**WORK TO BE COMPLETED:** Leaving out the pictures, output the lines from the one that contains "2020 RAM 1500 Tradesman RWD pickup" through the end of the material, exactly as they stand.

**DATA SECTION:**
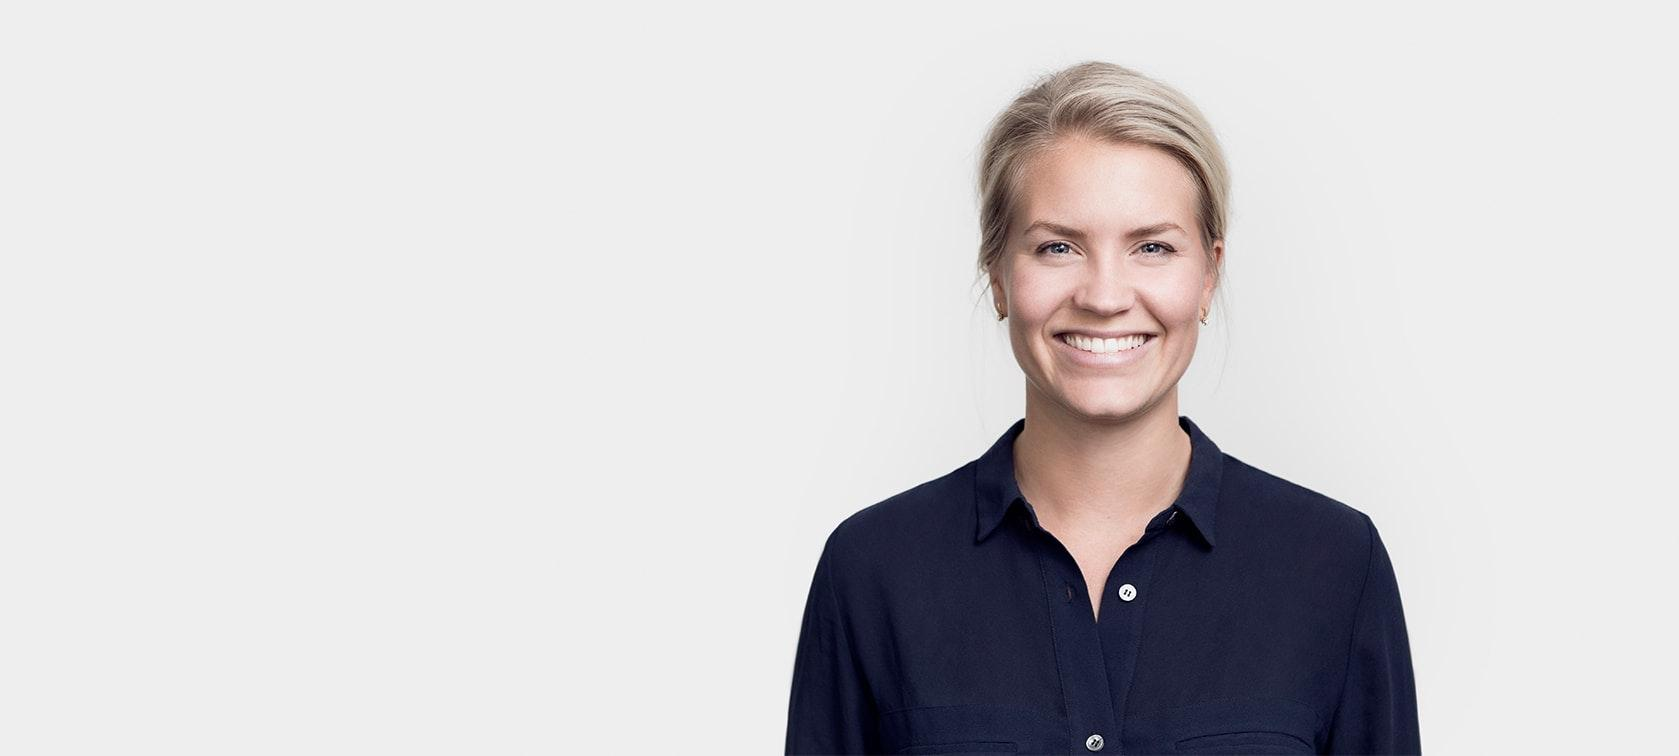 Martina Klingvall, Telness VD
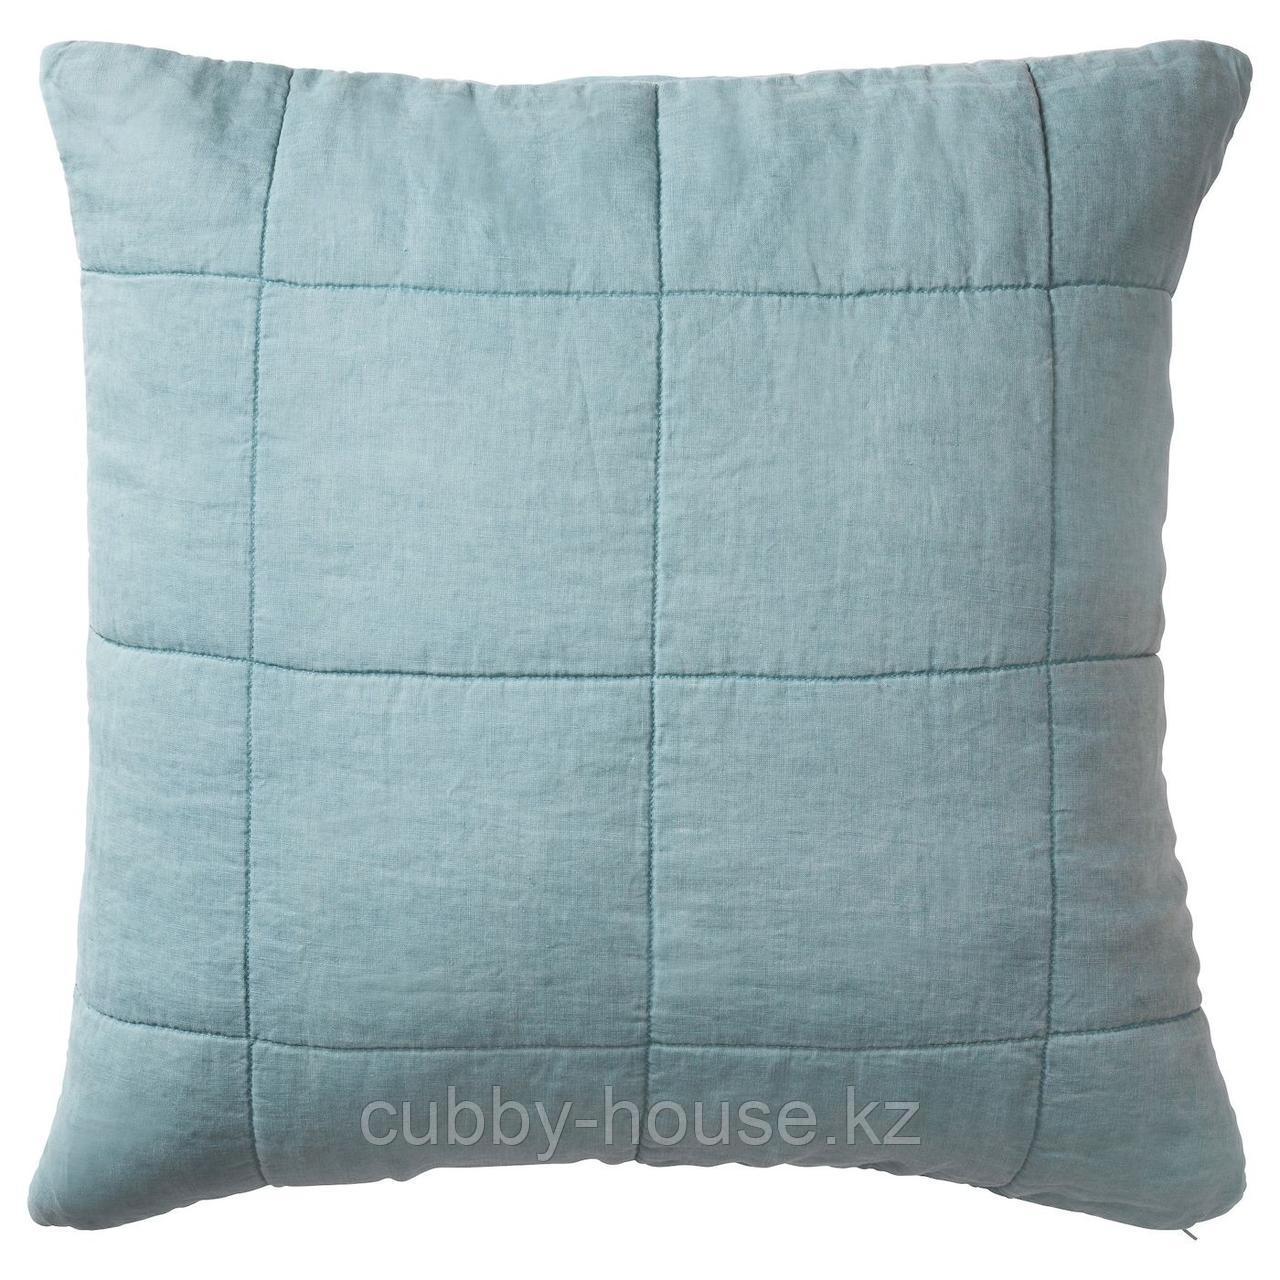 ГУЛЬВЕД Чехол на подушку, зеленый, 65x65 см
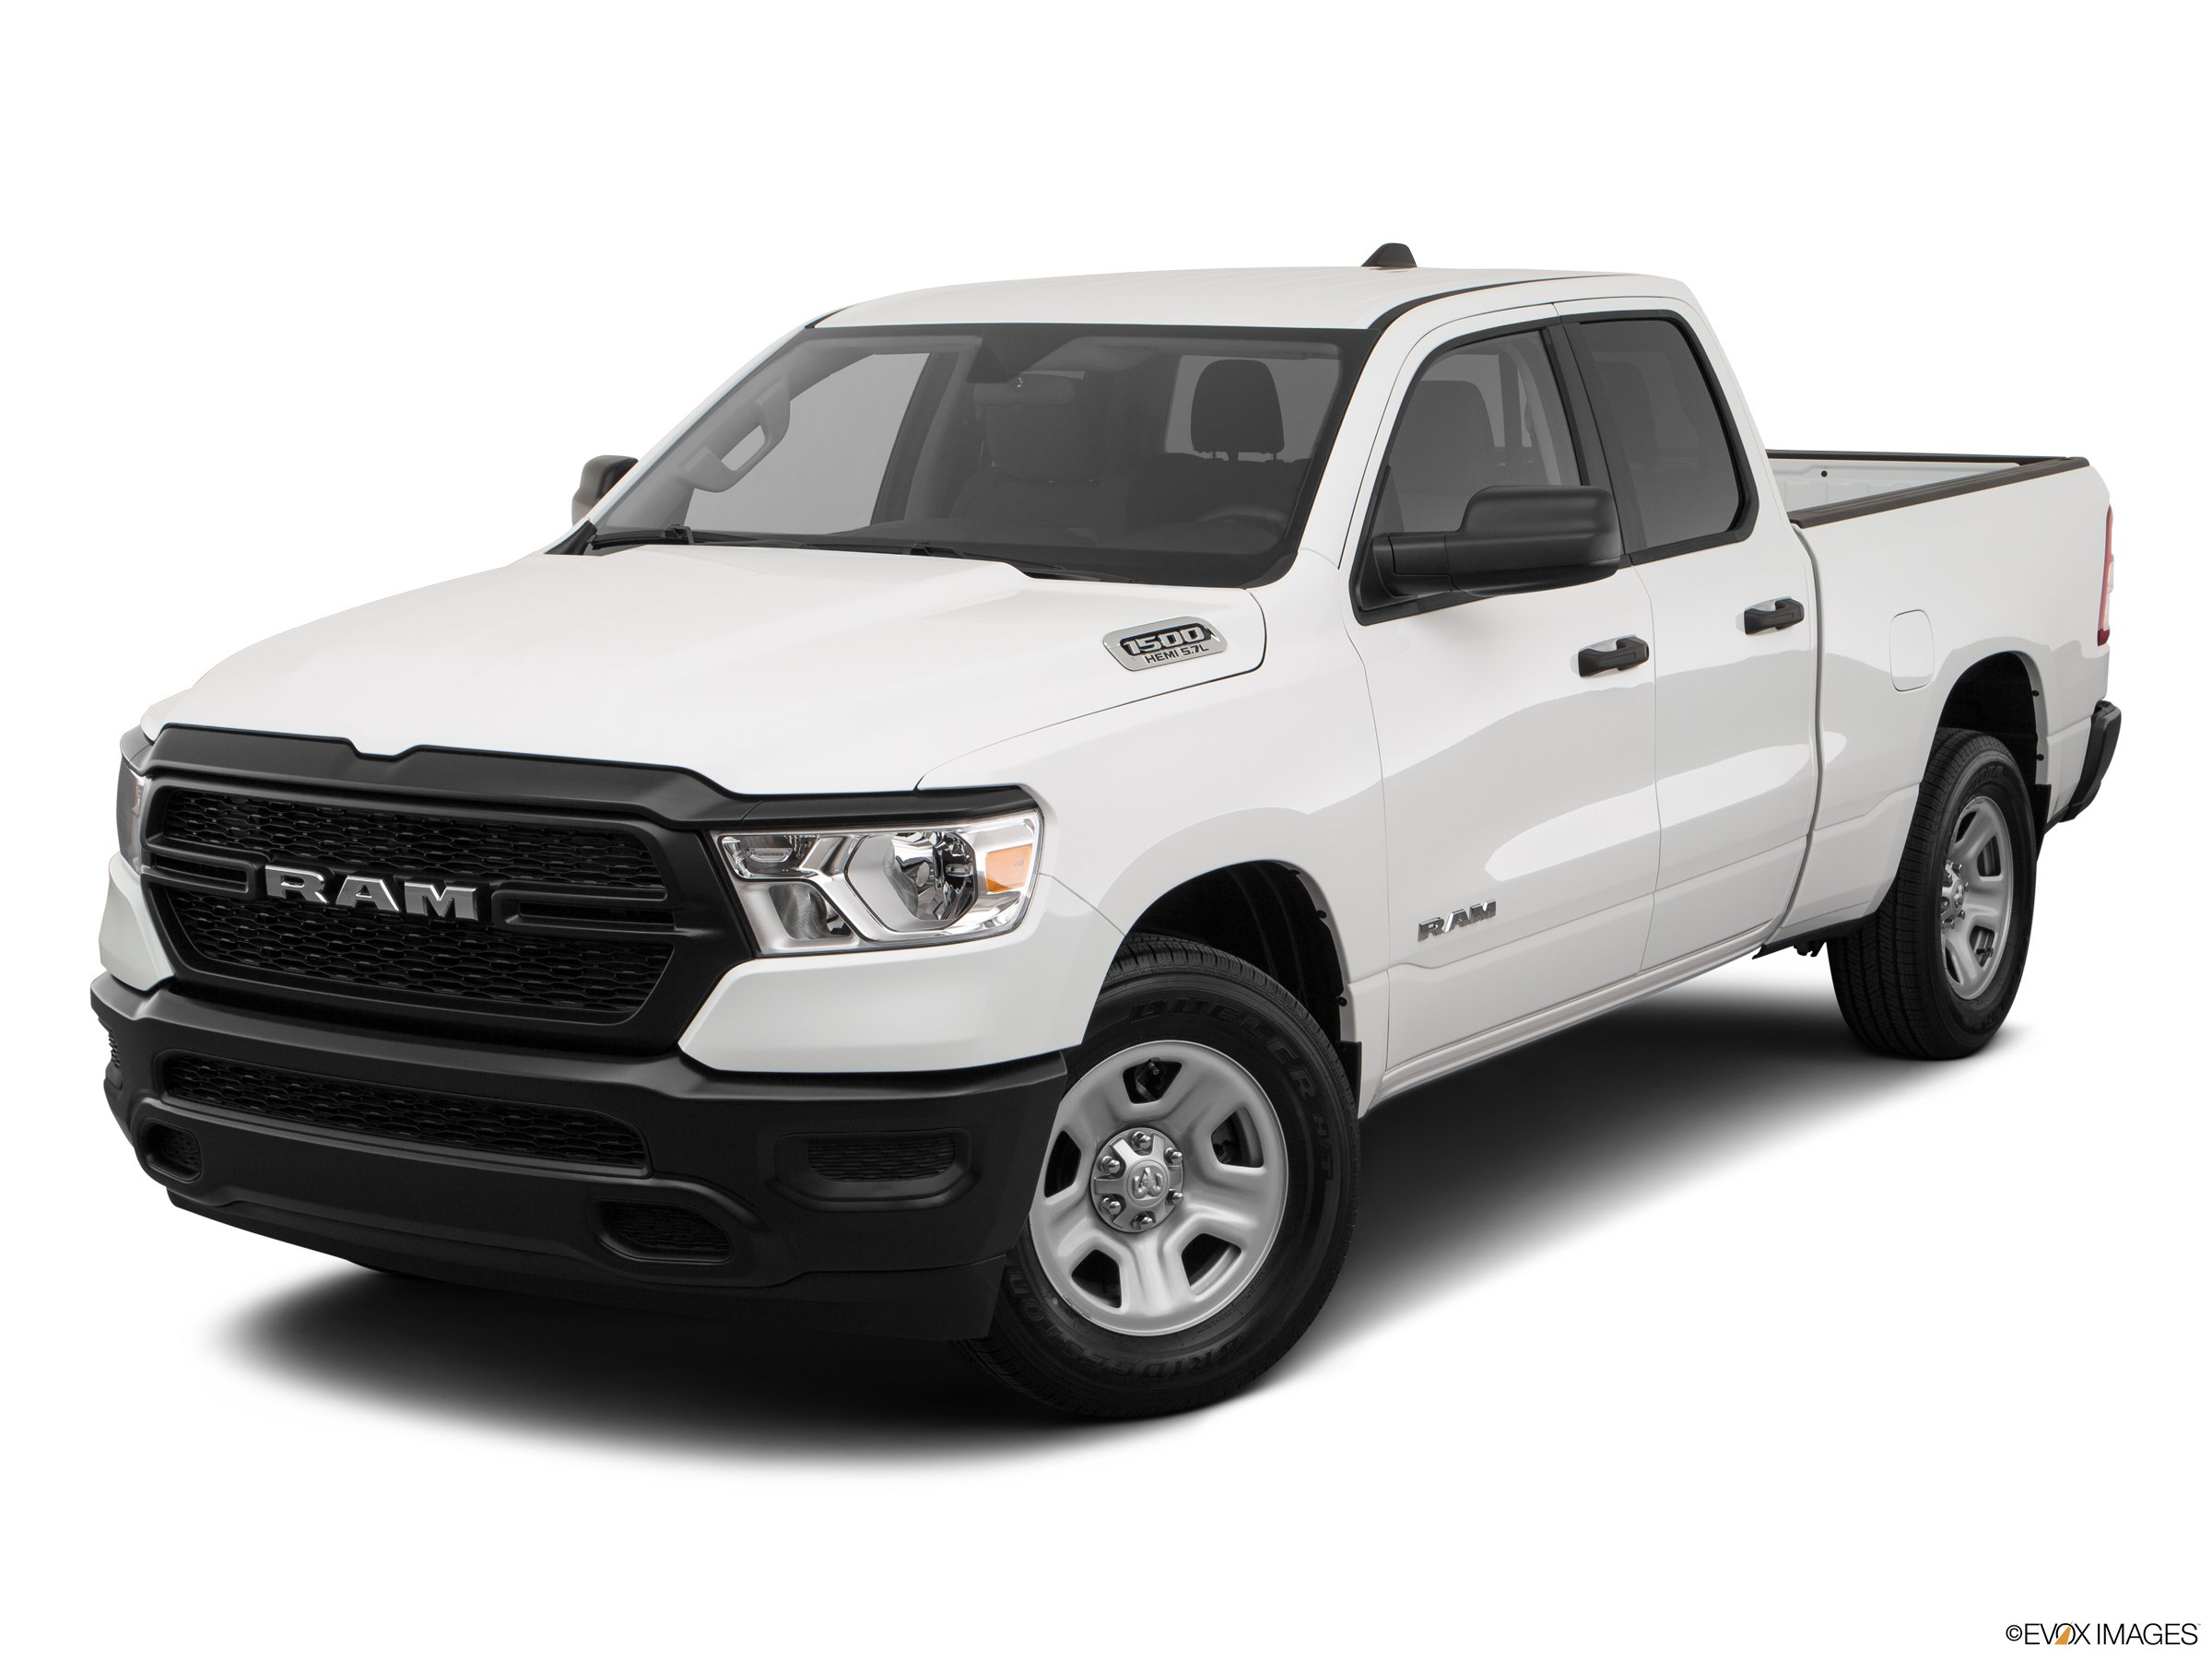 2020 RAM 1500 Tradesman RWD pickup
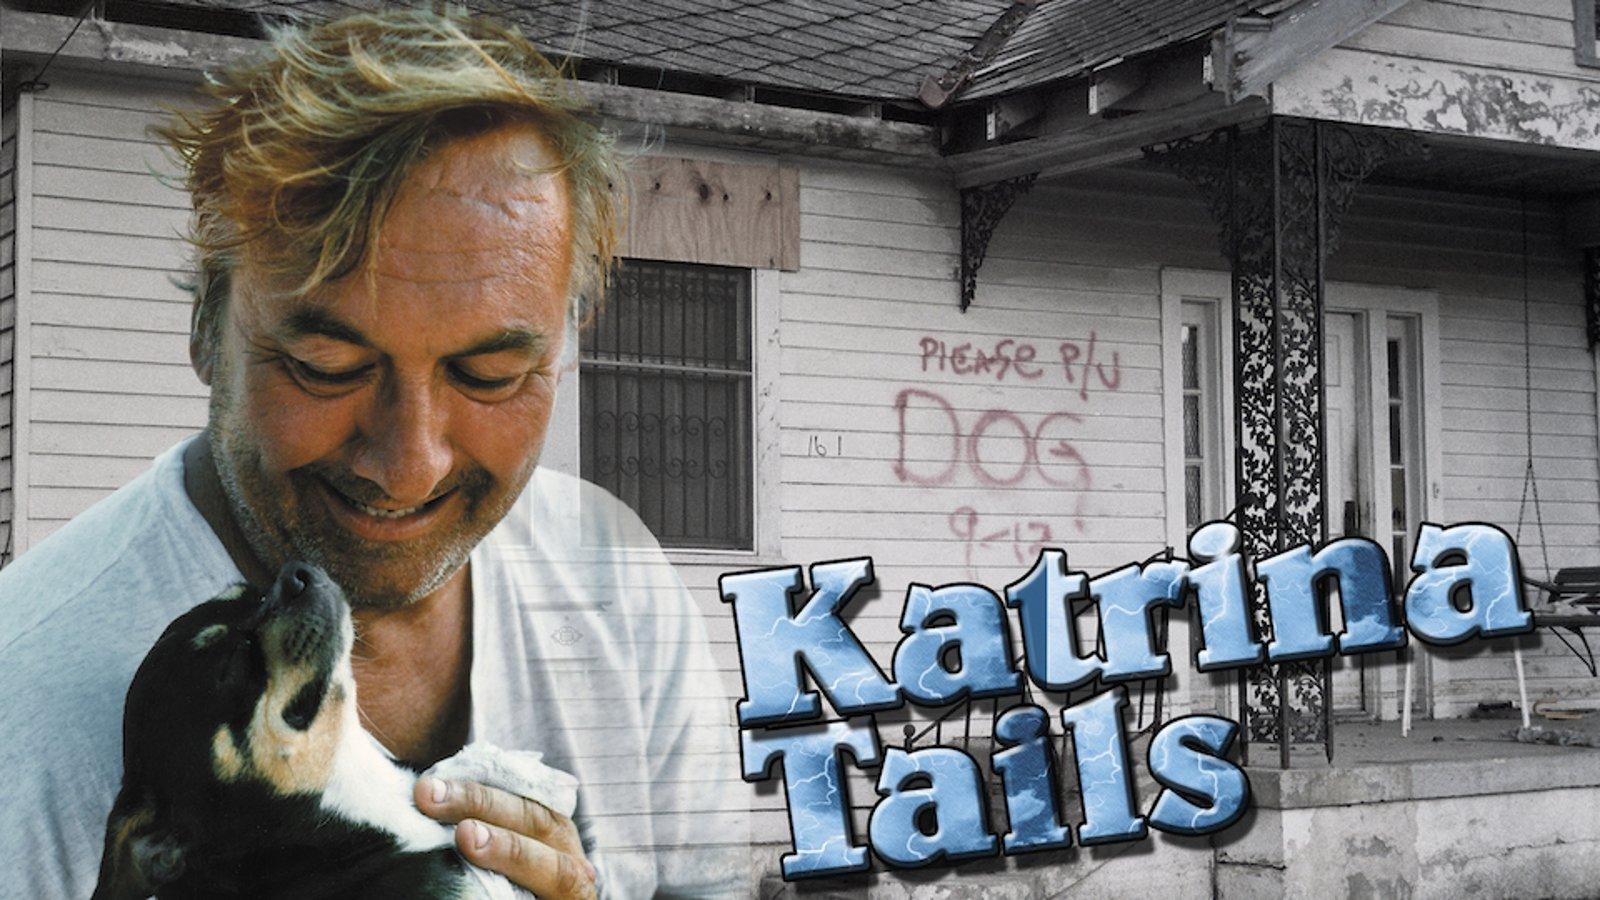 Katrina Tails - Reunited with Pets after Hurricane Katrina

**RESPONSE TO THE EXERCISE:**
 2020 RAM 1500 Tradesman RWD pickup
 Katrina Tails - Reunited with Pets after Hurricane Katrina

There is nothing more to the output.